Nice example of Giacomo Beltrami's important map of the Missisisppi River, published with the report of his expedition up the Mississippi River, to what he believed to be the River's source.

Giacomo Costantino Beltrami (1779 - 1855) was an Italian jurist, author, and explorer, best known for claiming to have discovered the headwaters of the Mississippi River in 1823 while on a trip through much of the United States (later expeditions determined a different source, however).

Beltrami arrived in the U.S. in December 1822 or January 1823, where he visited a number of different cities, before beginning a voyage down the Ohio River with the intention of following it to the Mississippi and then south to New Orleans. During the trip, he met with the prominent United States Indian agent, Lawrence Taliaferro, who was planning to travel upriver on the Mississippi. Beltrami soon became obsessed with the idea of finding the river's source. In 1823, the two later joined with Stephen H. Long as they traveled upriver to Fort St. Anthony.

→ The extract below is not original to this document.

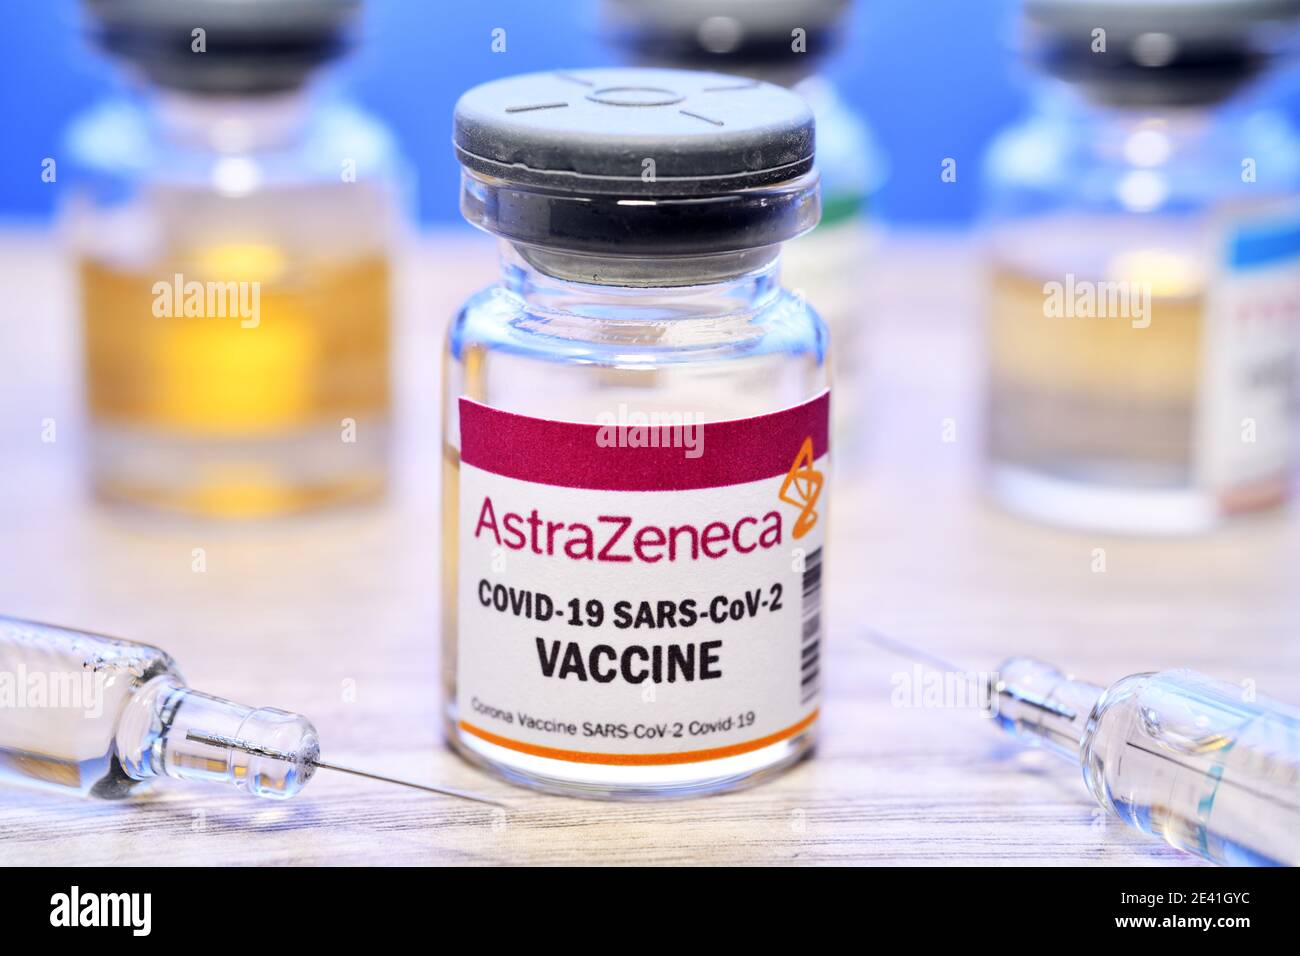 AstraZeneca Covid Vaccine, Symbolic Image Stock Photo
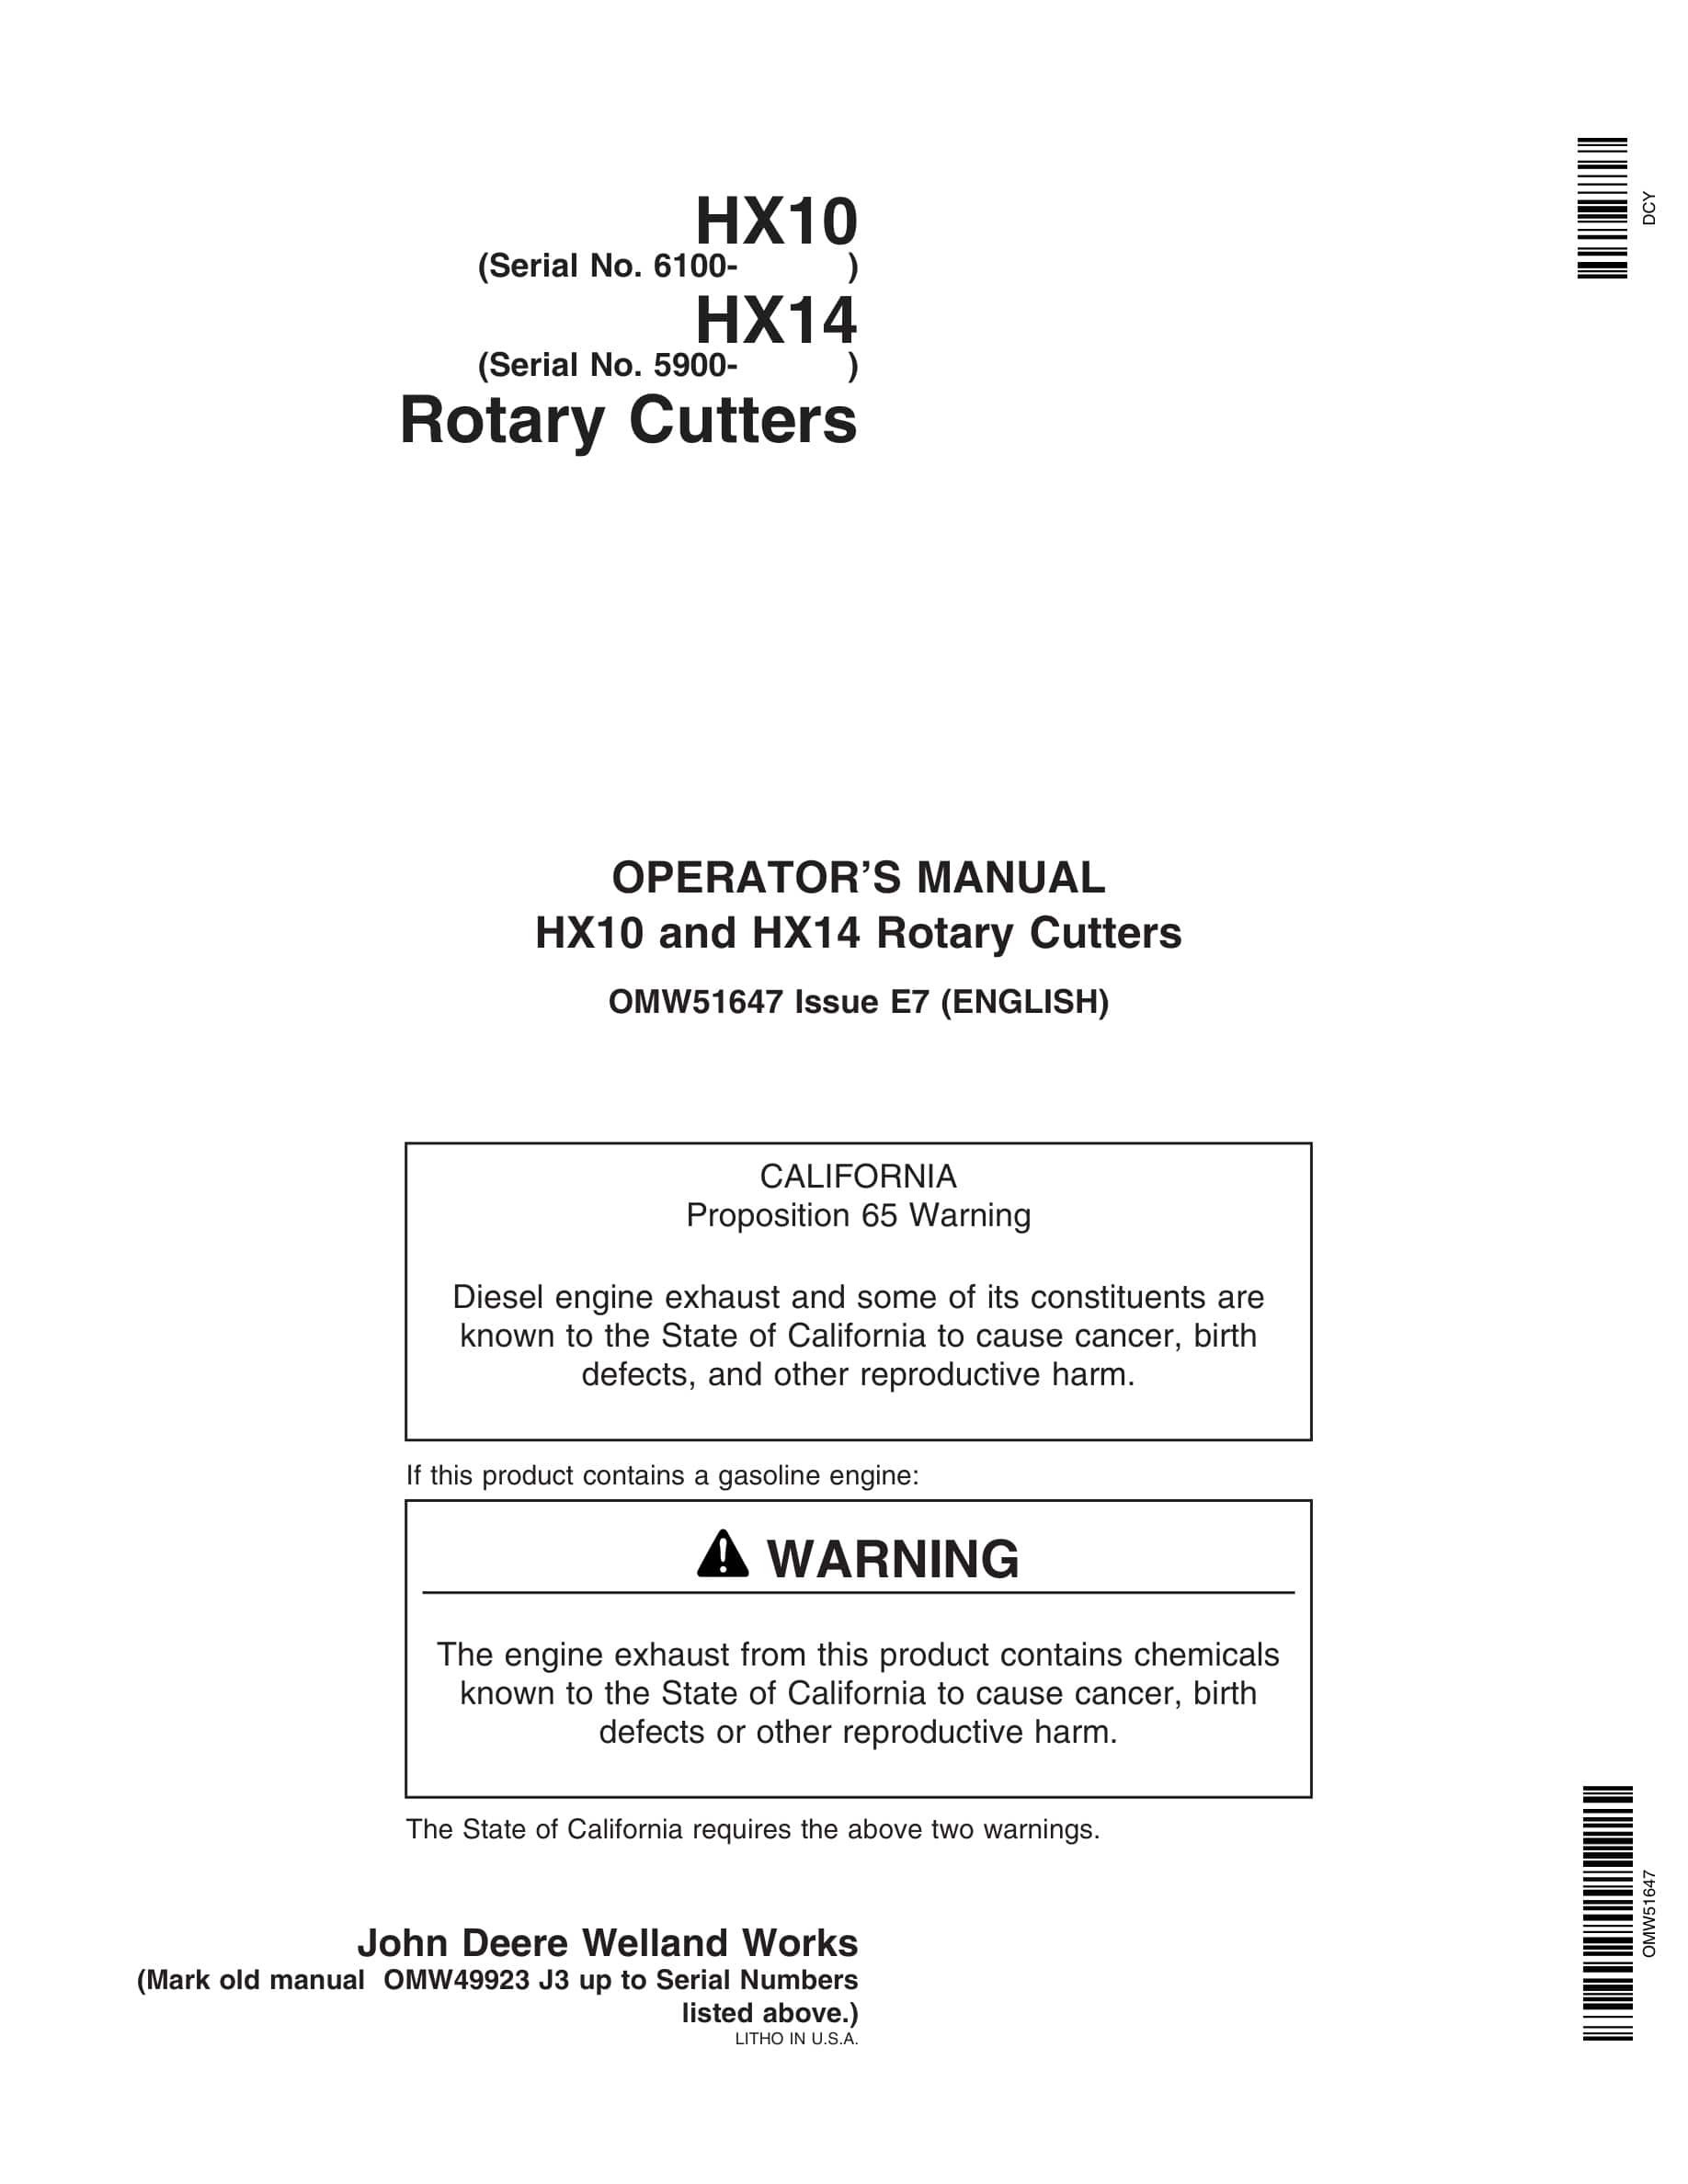 John Deere HX10 and HX14 Rotary Cutter Operator Manual OMW51647-1

Beltrami followed Long and Taliaferro as they went about exploring and mapping, and interacting with the local Native American tribes. However, in July, after about three months of this, tension began to grow between Beltrami and the others. He eventually split from their expedition in August, when the group had reached Pembina, and instead set off with some Ojibwe Indian guides on his personal quest to find the source of the river. After only a week and a half, his guides abandoned him and he had to carry on alone, seeking help from other natives he encountered.

At some point during this trip, Beltrami collected two indigenous flutes, which he later sent back to Italy along with his collection of Native American artifacts. One of these flutes provides us with the oldest extant Native American flute, and is now in the collection of the Museo Civico di Scienze Naturali in Bergamo, Italy.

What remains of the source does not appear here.